I hate dynamic programming, but it seems that you can't "jump ahead" when calculating prime numbers. This feels like computational irreducibility. The world in which this property exists, and the one in which it doesn't, are meaningfully different.
The Collatz conjecture, and BB, relate to the ability to generate large things from small ones. It seems relevant for this question: Can you design a society which is both novel and stable over infinite time? Would it have to loop, repeating the same chain of events forever, or is there an infinite sequence of events which never terminates, but still stays within a certain set of bounds? If we became all-powerful and created an utopia, we might necessarily trap ourselves in it forever (because you cannot break out of a loop. If you loop once, you loop forever). It may also be that any utopia must necessarily be finite because it reaches a state which is not utopian in finite time.
Some other questions are about the limitations of math. It's relevant whether a system of everything is possible or not (if truth is relative or absolute). If trade-offs are inherent to everything, then "optimization" is simply dangerous, it means were destroying something every time we "improve" a system. It would imply that you cannot really improve anything, that you can only prioritize different things at the cost of others. For instance, a universal paperclip AI might necessarily have to destroy the world, not because it's not aligned, but because "increase one value at the cost of every other value" is optimization.

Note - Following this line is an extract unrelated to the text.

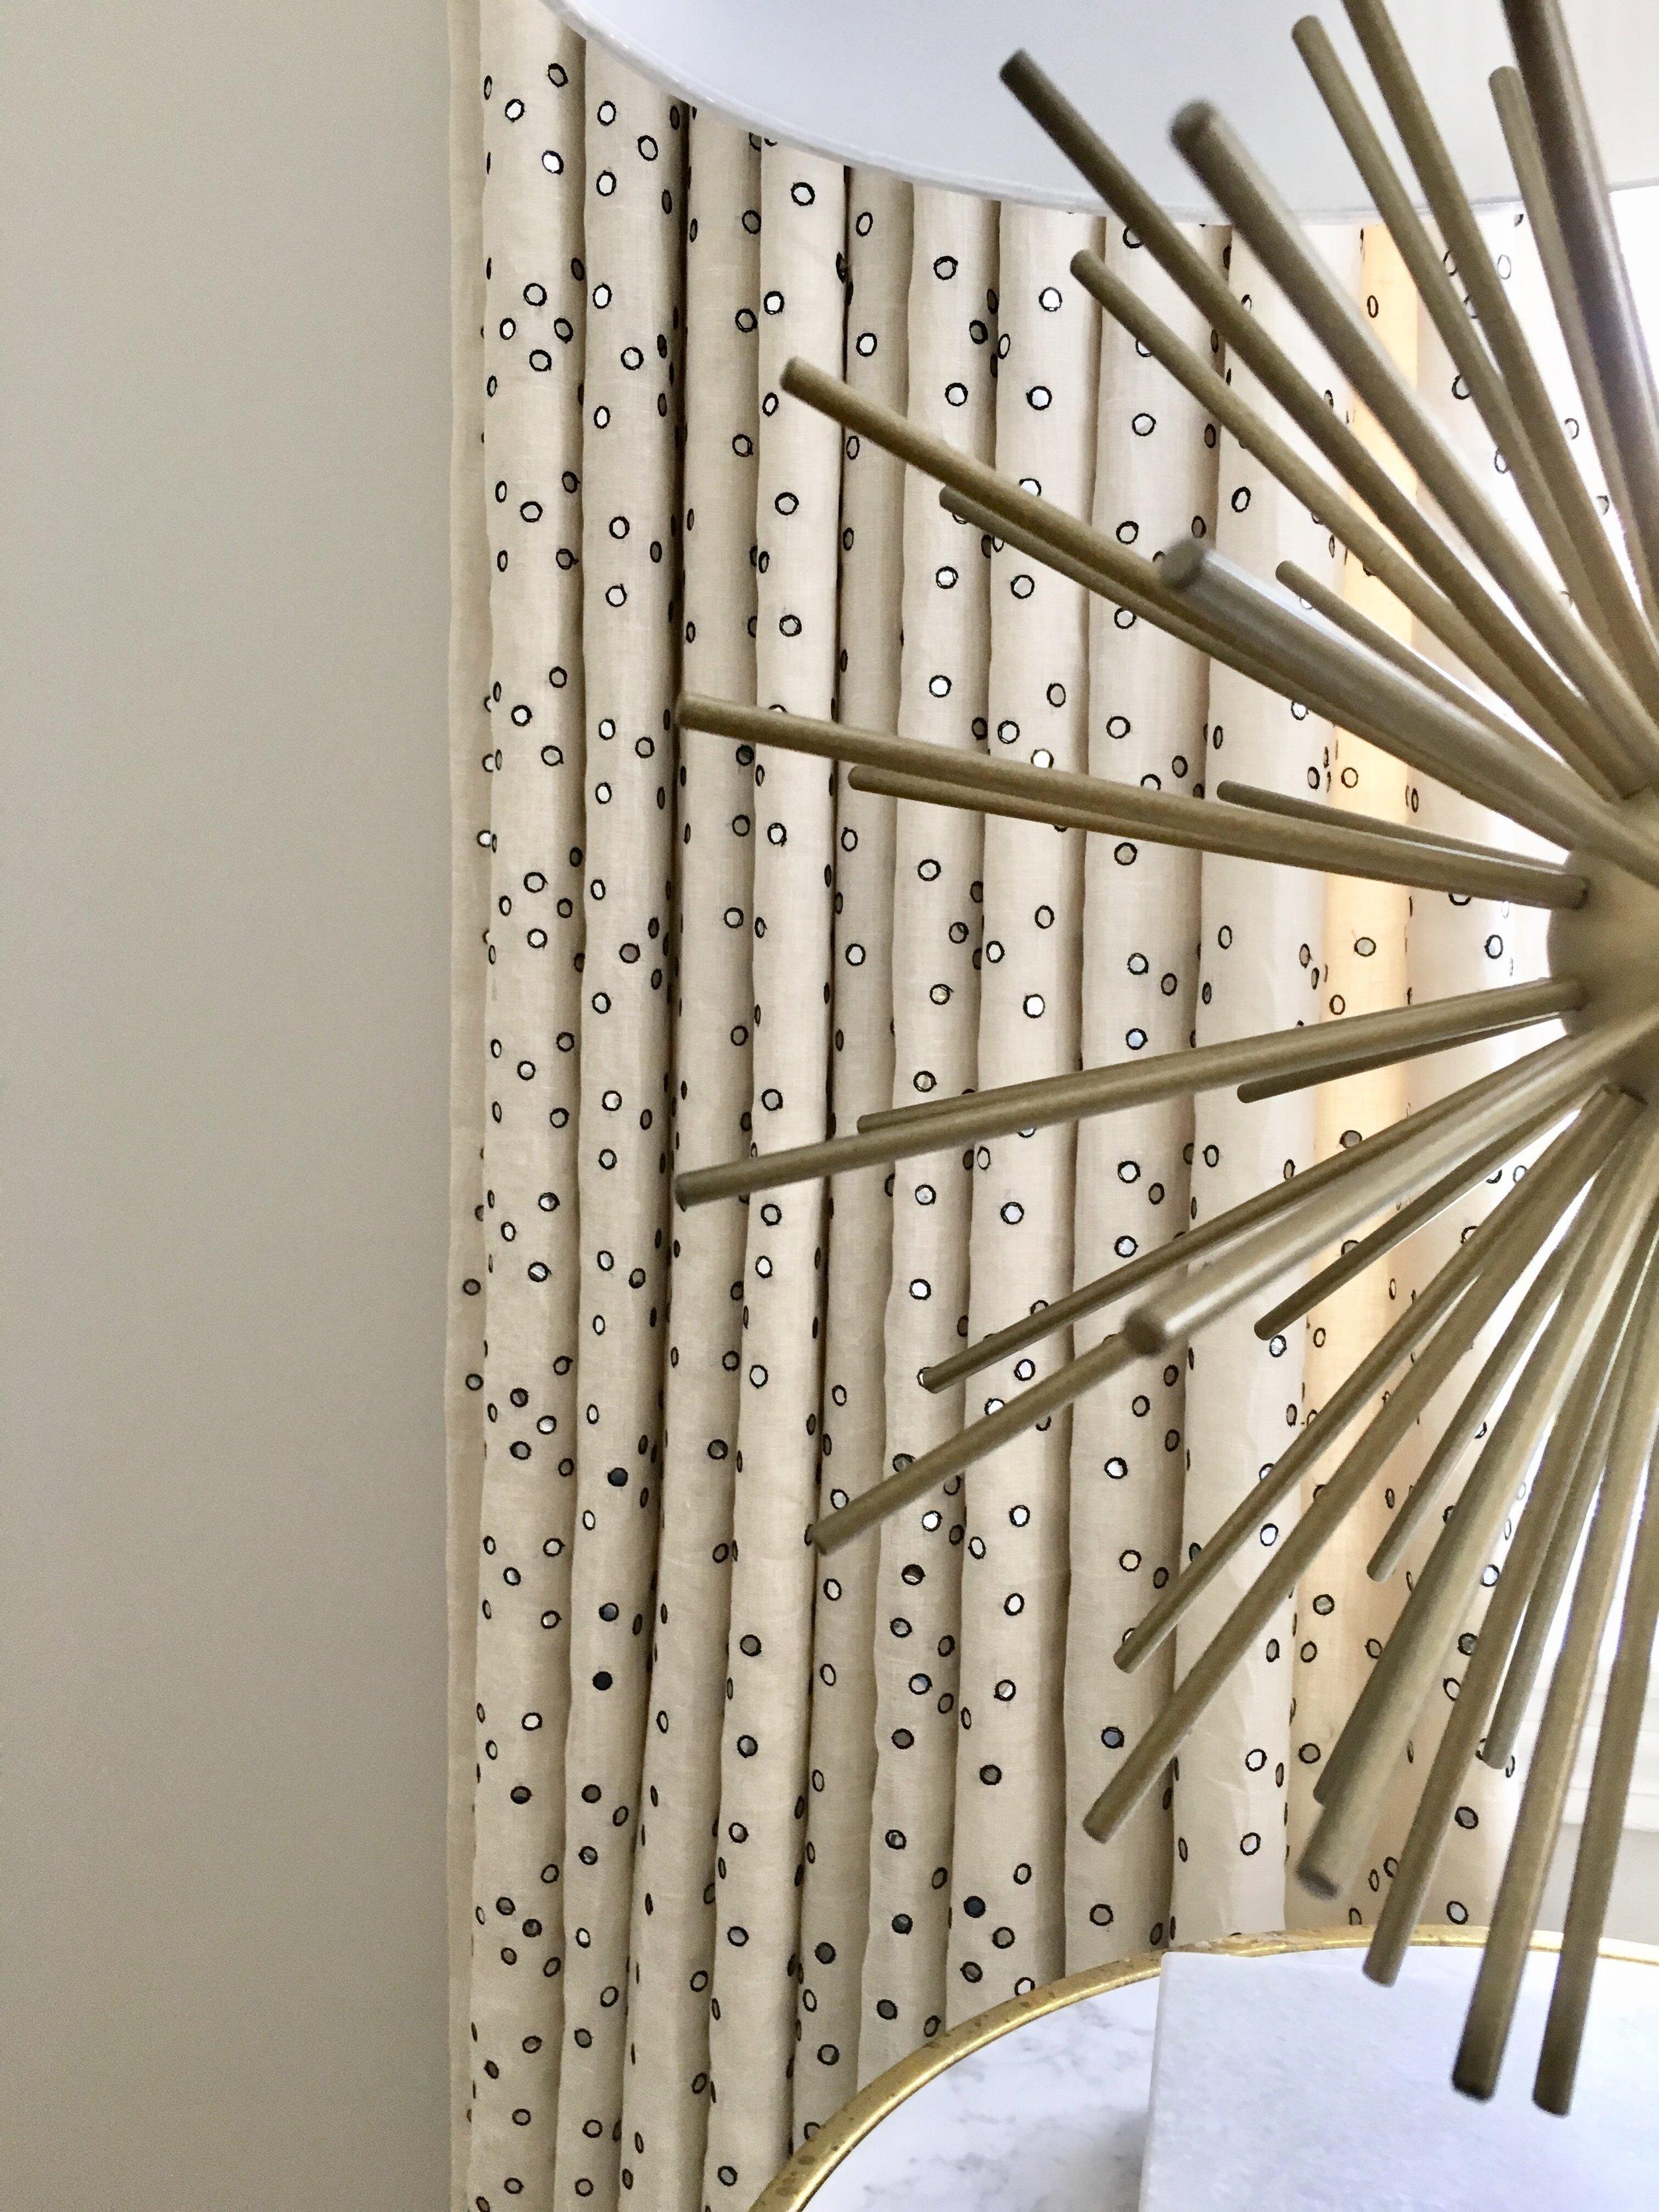 Yep those are tiny mirrors stitched onto fabric panels

I also have a theory that self-fulfilling prophecies are real because reality has a certain mathematical property. In short, we're part of the thing we're trying to model, so the model depends on us, and we depend on the model. This imples that magic is real for some definitions of real, but it also means that some ideas are dangerous, and that Egregores and such might be real.
None of these are meaningful in the way you mean. I am not that good at math, but I am good at mathematical model building and interpretation.
These are not meaningful because we can easily write different examples with different results, so the key question for, say, society is whether society satisfies another given property that is not the ones you mentioned.
Economics has models where agents who are part of the model and know or learn the model. Yet, self-fulfilling prophecies are not guaranteed or fully ruled out.
Economics would also have models that imply tradeoffs. Yet, in general not every improvement leads to a tradeoff because there are always dumb actions. Stop being dumb and you get an improvement without losing anything.
We can also come up with processes that generate large numbers from small and make that process loop or collapse or anything we want. The question is not whether such processes exist, but whether we can identify which kind better represents society, if any of them do.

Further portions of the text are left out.